Dropbox

I have been trying to convince my collaborators to use git so that we all work on the same page; however, I have accepted the fact that not everyone wants to get that involved. For these collaborations, I have started relying on a free web-based service called Dropbox. The free version gives you a 2GB account and allows you to securely share files with others without the hassle of setting up accounts on an ftp server. There is even a client for Linux (thank you!).

On Linux, after downloading and installing the program, you just have to start the daemon:

$dropbox start -i

During the set-up process, a folder is created in your home directory called "Dropbox" and everything you put in there is automatically synced with all the other computers you have linked to the account. You can explicitly share folders with others, or place files in the "Public" subdirectory and then share the associated url.

I have started using this service as a virtual flash drive and as an alternative to emailing enormous files.

git cheat sheet

From what I have seen, the best description of what Git is and how it works operationally was written by Charles Duan.

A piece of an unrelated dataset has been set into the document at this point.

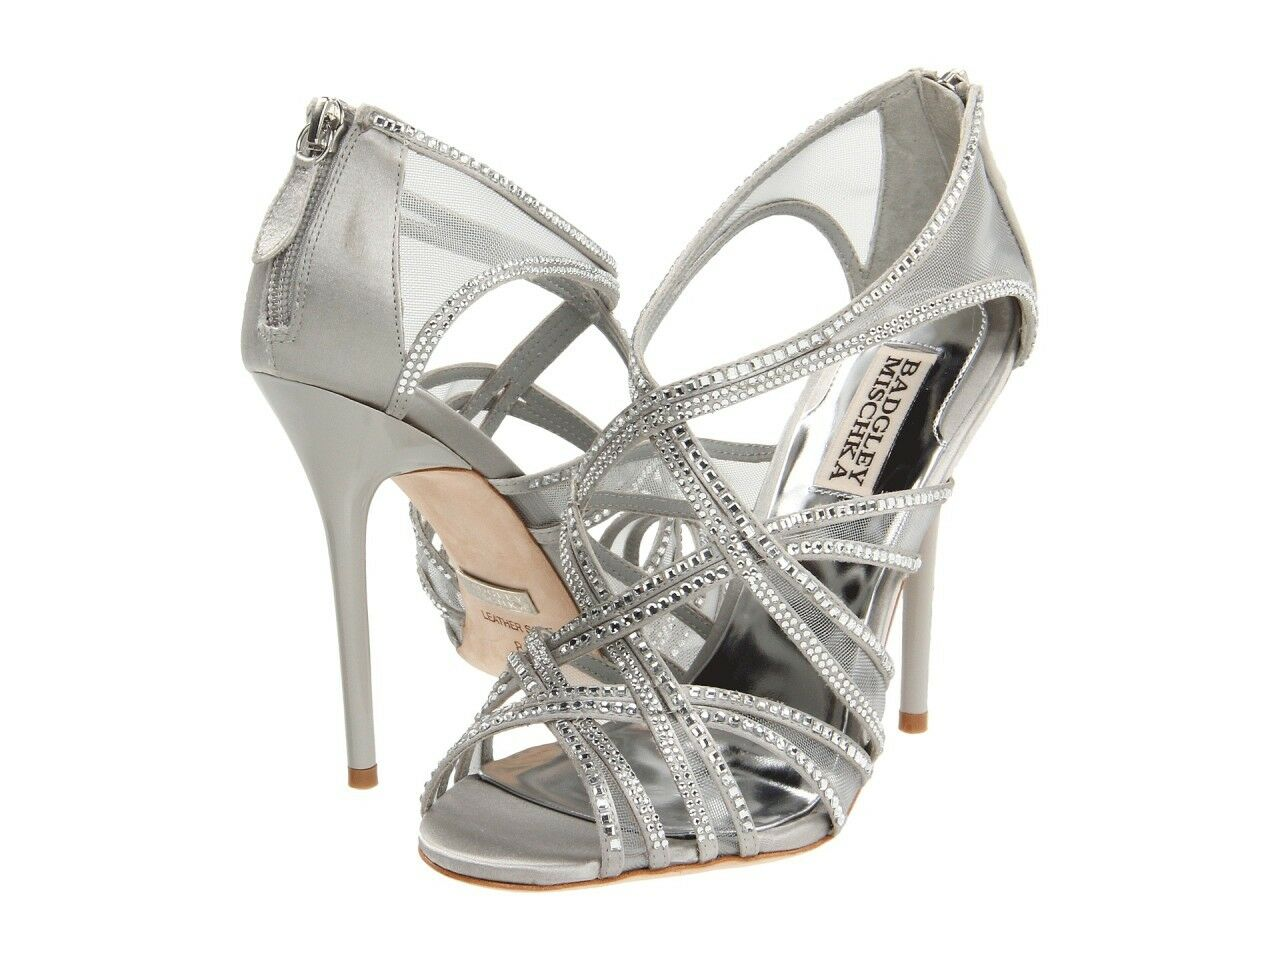 Badgley Mischka Gloria Sandal Grey Silver Heel Jeweled Crystals Float Shoes NEW

Given that Charles has done such a great job, I am just going to summarize a few key commands here (also based on this tutorial).

A) Create a local git repo out of your current project directory.

$ cd ~/myproj
$ git init
$ git add .
$ git commit -m "first commit"

B) Create an empty remote git repo and push current project repo there.

$ ssh my.remote.server

> mkdir gitroot
> mkdir gitroot/myproj
> cd gitroot/myproj
> git --bare init
> exit

$ cd ~/myproj
$ git remote add origin ssh://my.remote.server/home/username/gitroot/myproj
$ git push origin master

C) Check out a remote git repo and send updates back.

$ git clone ssh://myserver.com/home/username/gitroot/myproj

$ git push

D) Create and switch among branches

$ git branch [new-head-name] [reference-to-branching-point]

For example:

$ git branch testing HEAD

You switch among branches simply by checking them out from your own repo:

$ git checkout testing
$ git push origin local-branch-name

E) Merge branches. Again, look here for a detailed description of how this works in practice.

$ git checkout master
$ git merge testing

F) Convert svn repos to git. There are other ways to do this if you want to preserve the tree of your svn repo; however, if all you want is to strip out the .svn folders:

$cd ~/mysvnproj
$ svn export . ../myproj

The problem is that only files under version control are exported. If you just want to remove svn version control from your current directory (i.e., recursively strip out the .svn folders), then use:

$find . -name ".svn" -type d -exec rm -rf {} \;

SVN gets got by git

My Subversion usage finally stabilized, but I realized that my major problem was that commits were relatively expensive (i.e., in order for me to make any commit I had to open an ssh connection to my remote server and send in my updates). Generally this is no big deal, but it made me less likely to commit on a regular basis -- especially when at home or travelling -- so I was falling back into the bad habit of making new copies of code with increasingly obtuse names (myscript.R -> myscript2.R -> myscript2-working.R, etc.). I guess I could develop my own personal file nomenclature system, but frankly, that is what version control software is for.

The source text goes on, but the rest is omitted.